Prediction of Nephropathy in Type 2 Diabetes: An Analysis of the ACCORD Trial Applying Machine Learning Techniques.

Pubmed ID: 31112000

Pubmed Central ID: PMC6742939

Journal: Clinical and translational science

Publication Date: Sept. 1, 2019

Affiliation: Department of Pharmaceutical Sciences, School of Pharmacy and Pharmaceutical Sciences, State University of New York at Buffalo, Buffalo, New York, USA.
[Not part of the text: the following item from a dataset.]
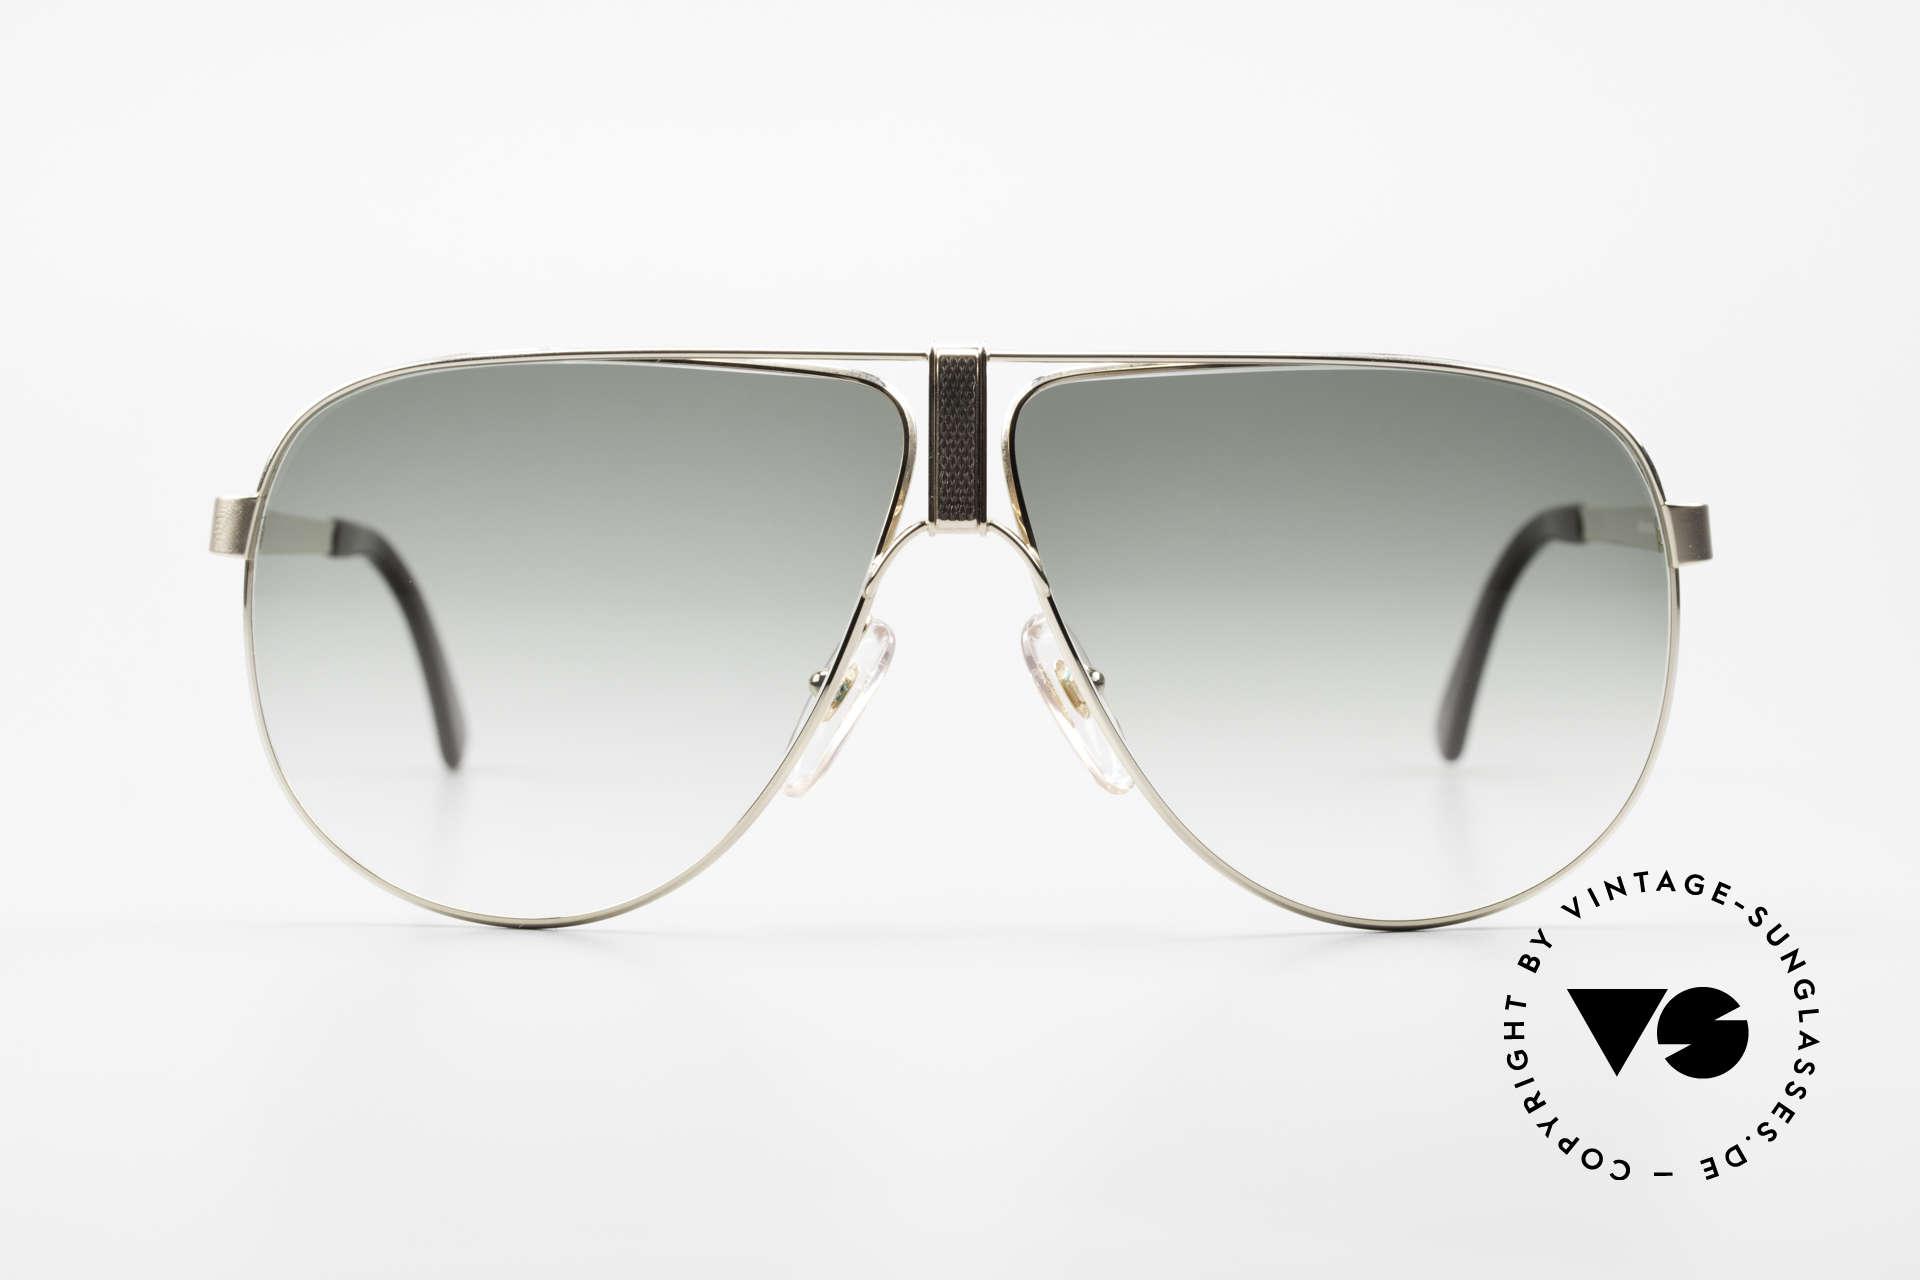 Dunhill 6043 Vergoldete Sonnenbrille 90er, ENORM hochwertiger Rahmen mit Barley-Veredelung, Passend für Herren

Link: https://www.ncbi.nlm.nih.gov/pmc/articles/PMC6742939/pdf/CTS-12-519.pdf?link_time=2024-04-20_09:13:24.157658

MeSH Terms: Humans, Male, Female, Risk Factors, Models, Theoretical, Middle Aged, ROC Curve, Incidence, Sensitivity and Specificity, Diabetic Nephropathies, Diabetes Mellitus, Type 2, Biomarkers, Data Mining, Machine Learning

Authors: Rodriguez-Romero V, Bergstrom RF, Decker BS, Lahu G, Vakilynejad M, Bies RR

Cite As: Rodriguez-Romero V, Bergstrom RF, Decker BS, Lahu G, Vakilynejad M, Bies RR. Prediction of Nephropathy in Type 2 Diabetes: An Analysis of the ACCORD Trial Applying Machine Learning Techniques. Clin Transl Sci 2019 Sep;12(5):519-528. Epub 2019 May 31.

Studies:

Abstract

Applying data mining and machine learning (ML) techniques to clinical data might identify predictive biomarkers for diabetic nephropathy (DN), a common complication of type 2 diabetes mellitus (T2DM). A retrospective analysis of the Action to Control Cardiovascular Risk in Diabetes (ACCORD) trial was intended to identify such factors using ML. The longitudinal data were stratified by time after patient enrollment to differentiate early and late predictors. Our results showed that Random Forest and Simple Logistic Regression methods exhibited the best performance among the evaluated algorithms. Baseline values for glomerular filtration rate (GFR), urinary creatinine, urinary albumin, potassium, cholesterol, low-density lipoprotein, and urinary albumin to creatinine ratio were identified as DN predictors. Early predictors were the baseline values of GFR, systolic blood pressure, as well as fasting plasma glucose (FPG) and potassium at month 4. Changes per year in GFR, FPG, and triglycerides were recognized as predictors of late development. In conclusion, ML-based methods successfully identified predictive factors for DN among patients with T2DM.